History of Old Hutchinson Homestead

Footnotes to Long Island History

History of Old Hutchinson Homestead

March 27, 1955


Thomas R. Bayles


          The Old Hutchinson Homestead at Middle Island has had a long and varied history, and was first a tavern and store, then post office, office of the town clerk of Brookhaven town, and then polling place for the large mid-Island area.

          The house was located on the middle country road at the foot of the hill near Pfeiffer’s store, and was purchased a few years ago by Horton Bros and torn down.  The site has since been a cement block factory and sand and gravel works.

          Middle Island had the first post office in Brookhaven town and the first postmaster was Apollus Wetmore in 1796.  Post riders on horseback carried the mail through the Island in the first years, and the mail came from New York once of twice a week.  After a few years it was carried by the stage coaches that came through the middle of the Island, and furnished the only means of transportation for the people of the mid-island settlements.

          The post office was at first named Brookhaven and was not given the mane of Middle Island until about 1818.  During these early years the postal receipts were light, and records of the office shown that the quarterly receipts between 1811 and 1830 ran from $3.00 to $8.00 a quarter.

          Following Apollus Wetmore as postmaster came Zachariah Hawkins in 1798, Mordecai Homan, Jr in 1803, Jehiel Woodruff in 1810 and in 1811 Benjamin Hutchinson became postmaster, and it remained in the Hutchinson family with the exception of one year until 1901.

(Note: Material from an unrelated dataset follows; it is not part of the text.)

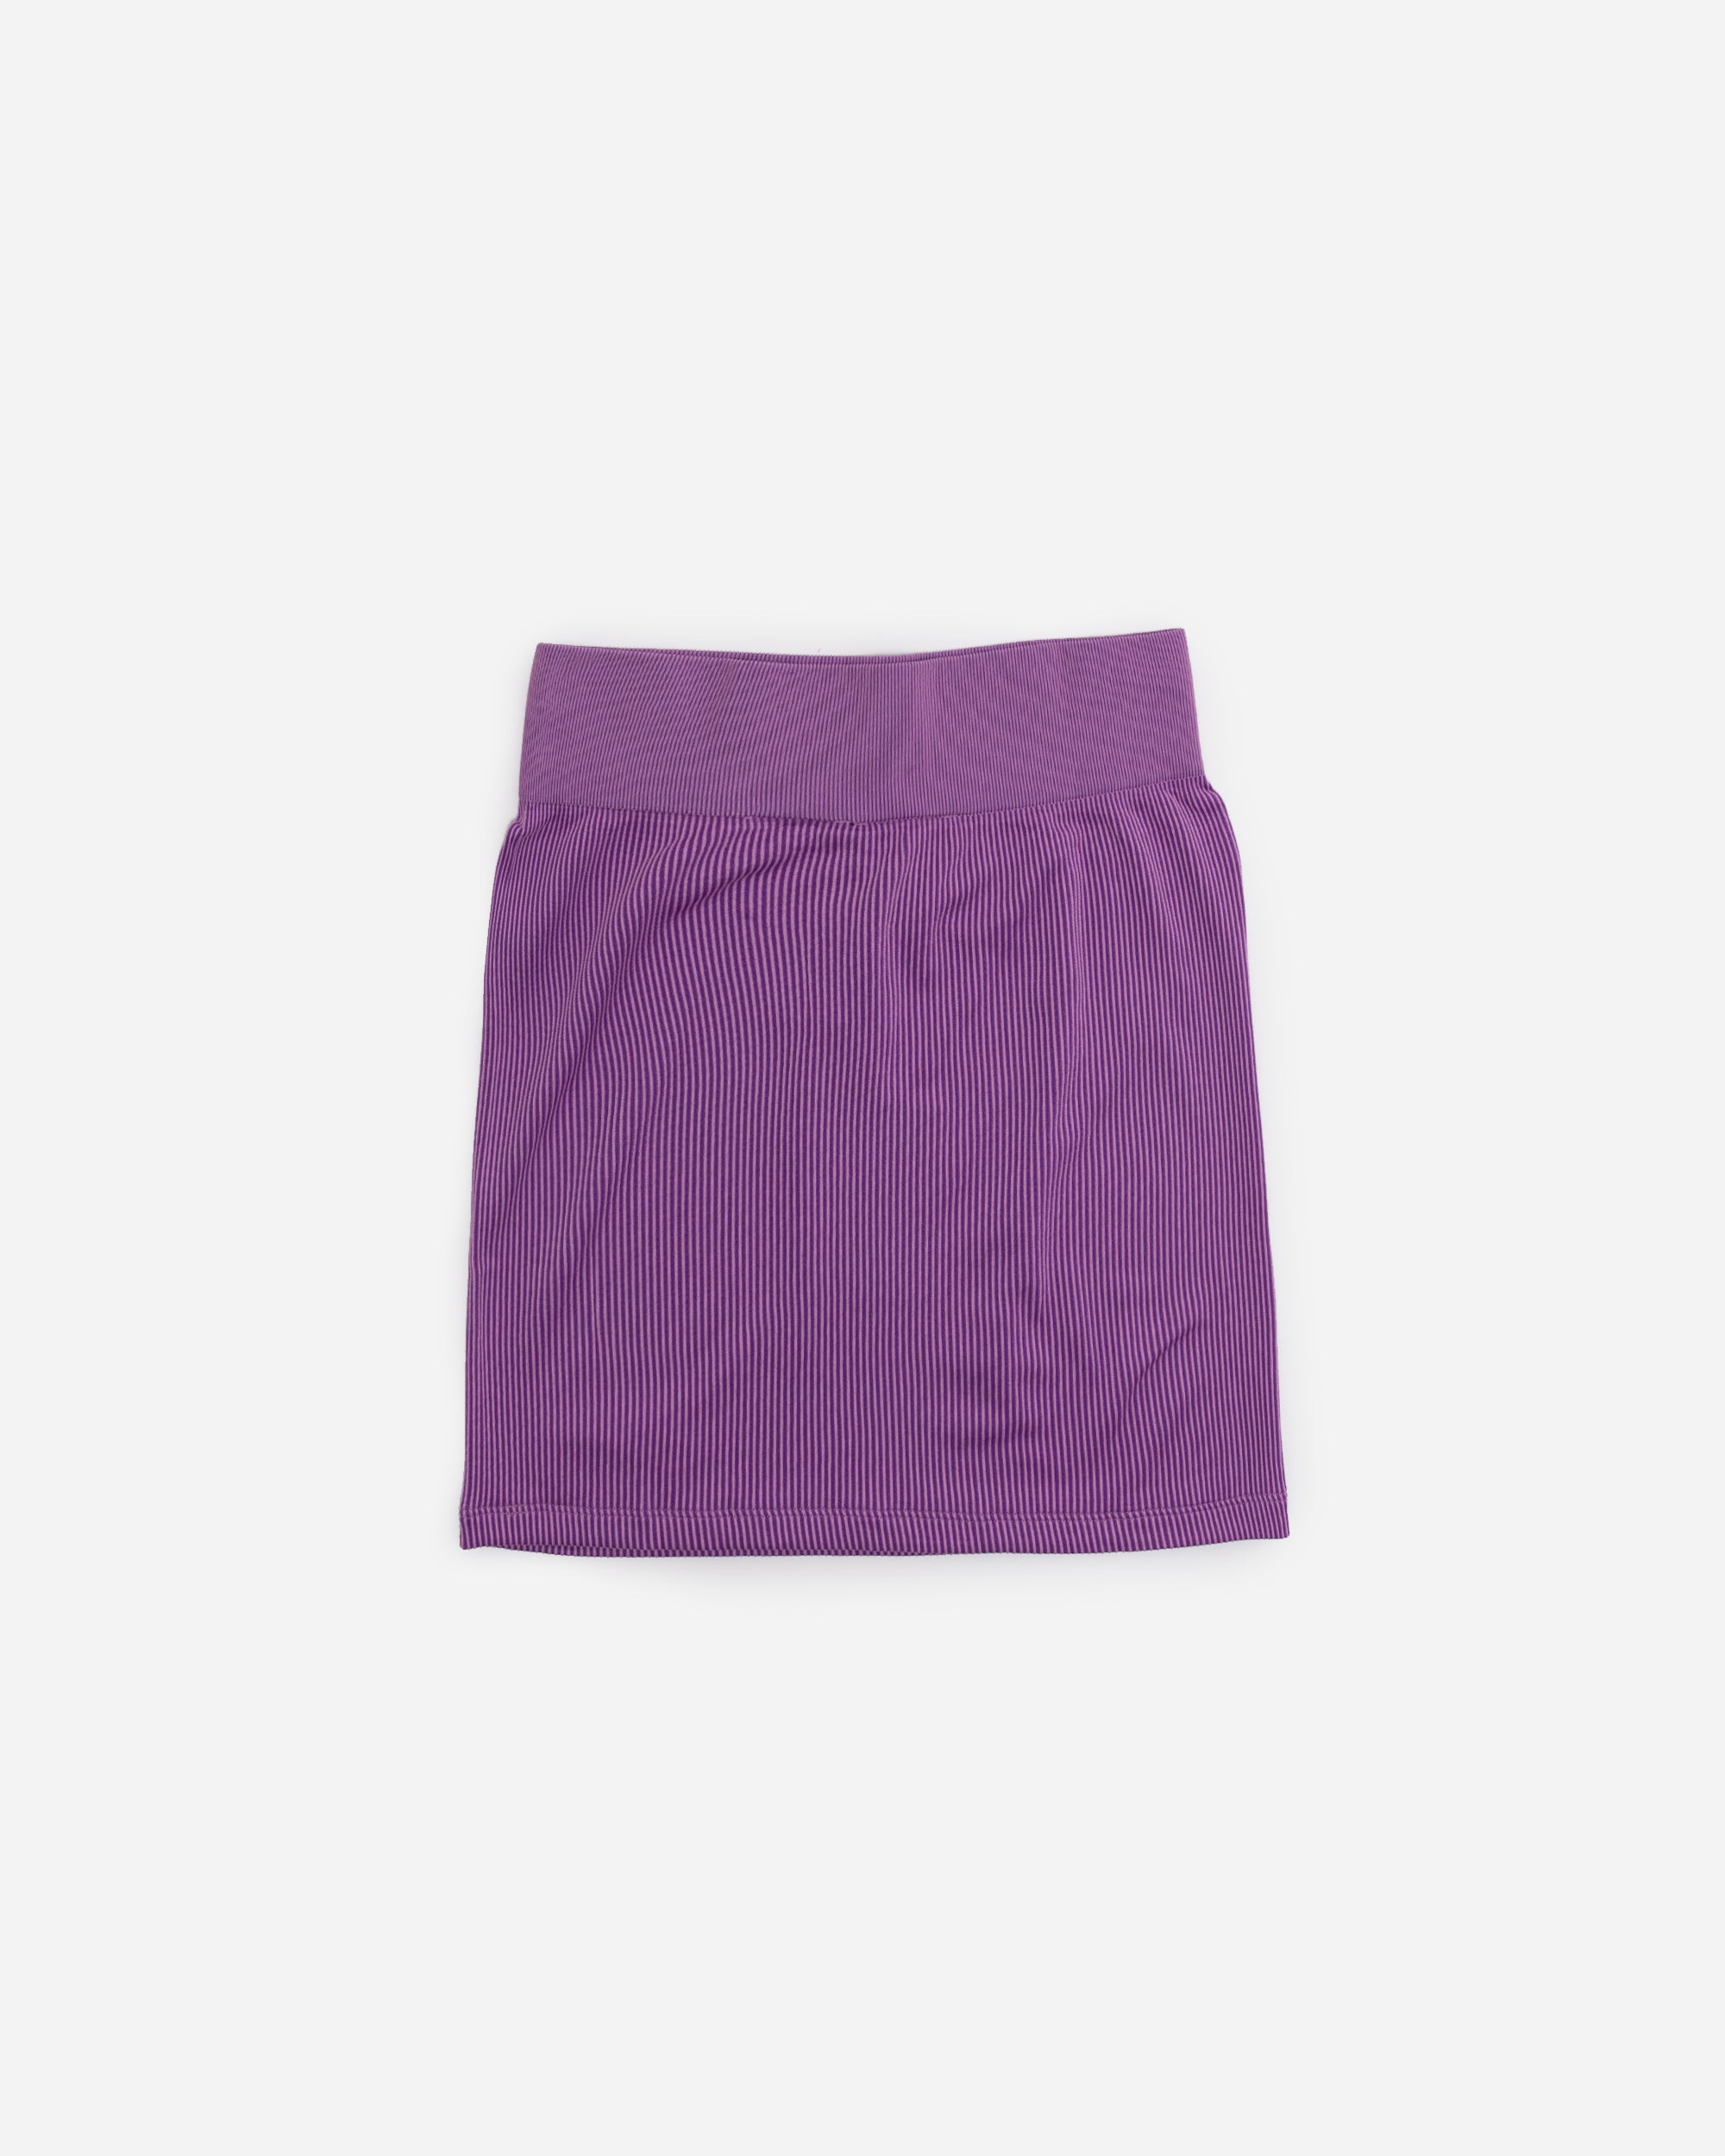 Nike Rib Skirt Violet Shock/White CZ9343-591

          The old Hutchinson homestead was built around 1750 by Daniel Brewster, Jr a grandson of Nathaniel Brewster, the first minister of the old town church at Setauket.  The house and farm on which it stood were purchased in 1834 by Benjamin T Hutchinson and store and post office moved there, where it remained until taken over by Edward Pfeiffer in 1901.  In 1840 Mr. Hutchinson opened a tavern also, which was the regular breakfast stop for the mail and passenger stages passing through.  Besides serving as post office, tavern and store, this house was also the town clerk’s office for Brookhaven town for 30 years.

          Mr Hutchinson was elected town clerk in 1848, and in 1850 elected county clerk, and in 1860 was again elected town clerk.  During the intervening years the office went to New Village, Center Reach.)  Mr Hutchinson remained in office until his death in 1877, when his son, Henry P Hutchinson was elected and remained as town clerk until 1890, when Roswell Davis of Yaphank was elected, and the office moved to Yaphank.  It was the custom in those days for the office to be located in the home of the lecte4d official.

          After the death of Mr Hutchinson in 1877 the office of the postmaster was taken over by his daughter Miss Cynthia Hutchinson, and her appointment dated October 16, 1877, and signed by David M Key, Postmaster General, is on exhibition along with the old post office boxes and fixtures in Emil’s museum in Middle Island.  Miss Hutchinson continued as postmaster until her death in 1901.

          For many years this old house also served as polling place for the voters from Middle Island, Yaphank, Ridge, Coram and Selden for all the regular spring and fall elections, and many a political deal was mad under the horse sheds to the east of the house.  In those days election day was a social event and dinners were served for 50 cents.  It was a day of great activity and continued until at the stroke of six o’clock inspector John Jones used to step to the door and call out, “Hear ye; Hear ye; I know declare these polls closed.”  Among those who served for many years on the election board besides Mr Jones were Richard M Bayles, Fred Ehlers, Thomas Lee, Robert Lyon, Noah Terry and Elbert Homan.